The database will run on SuSE Linux Enterprise Server 8 on the IBM hardware, along with a collection of open-source software used to keep costs down, DeRoest said. The Power processor servers were chosen, he said, because each of the participating universities has had good experiences with them. “All of us were fairly satisfied with the scalability,” he said.

One problem for Linux on Intel-based hardware, DeRoest said, has arisen when vendors made hardware changes and Linux didn’t include the proper device drivers. Using the pSeries servers should solve that problem through a “consistency of hardware,” he said.

Barbara Humphrys, who works in the Library of Congress motion picture, broadcast and recorded sound division and was a member of an early Association of Moving Image Archivists subcommittee for the project, said the database will solve many problems for historians and researchers. “We’re kind of starting at the beginning,” she said. “You’d be surprised where some things are held.”

Once the database is built, links directly to the content can be added so that images and movies can be viewed, Humphrys said. And users who find the images they’re seeking will be able to contact the collection owner to try to obtain viewing rights or more information.

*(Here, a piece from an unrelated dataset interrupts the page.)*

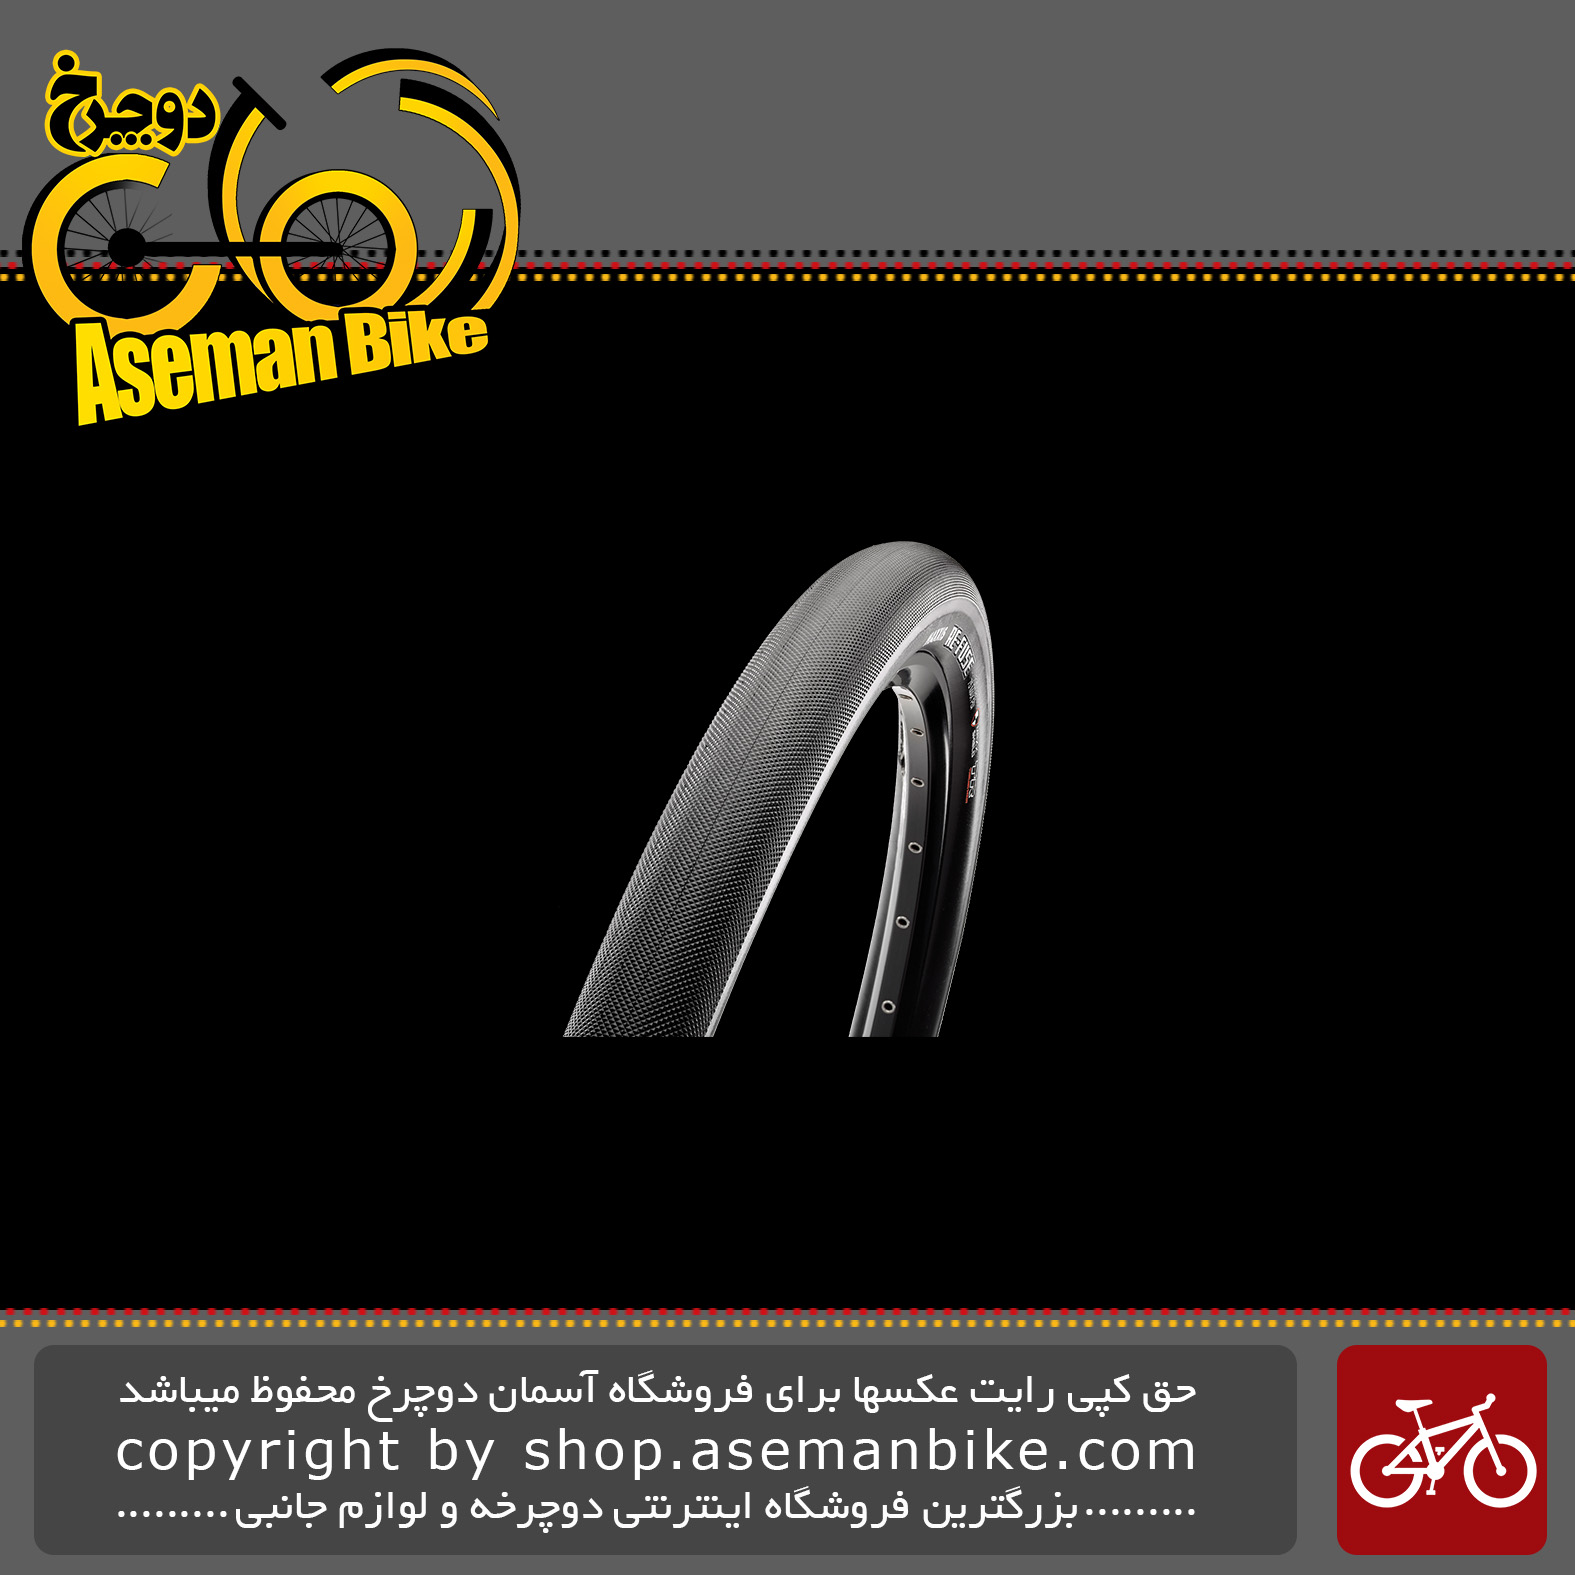 لاستیک دوچرخه مکسیس مدل ری-فوس Maxxis Adventure-gravel Bicycle Tire Re-Fuse 27.5X2.00

In addition to motion pictures, TV broadcasts and other images, the database will feature archives from the Smithsonian Museum, including video from the Hubble Space Telescope and other notable or historical images.

The Library of Congress will be the host Web site for the catalogue next year when it debuts the Moving Images Collection after it is created. An early version of the Web site is already online.

The Moving Images Collection databases and Web portal will be run on two IBM eServer p630 and two IBM eServer p610 servers under SuSE Linux and IBM directory server.

The University of Washington and Rutgers University are designing and developing the directory and catalogue databases of digital images, and the Georgia Institute of Technology is developing the Web portal for the project.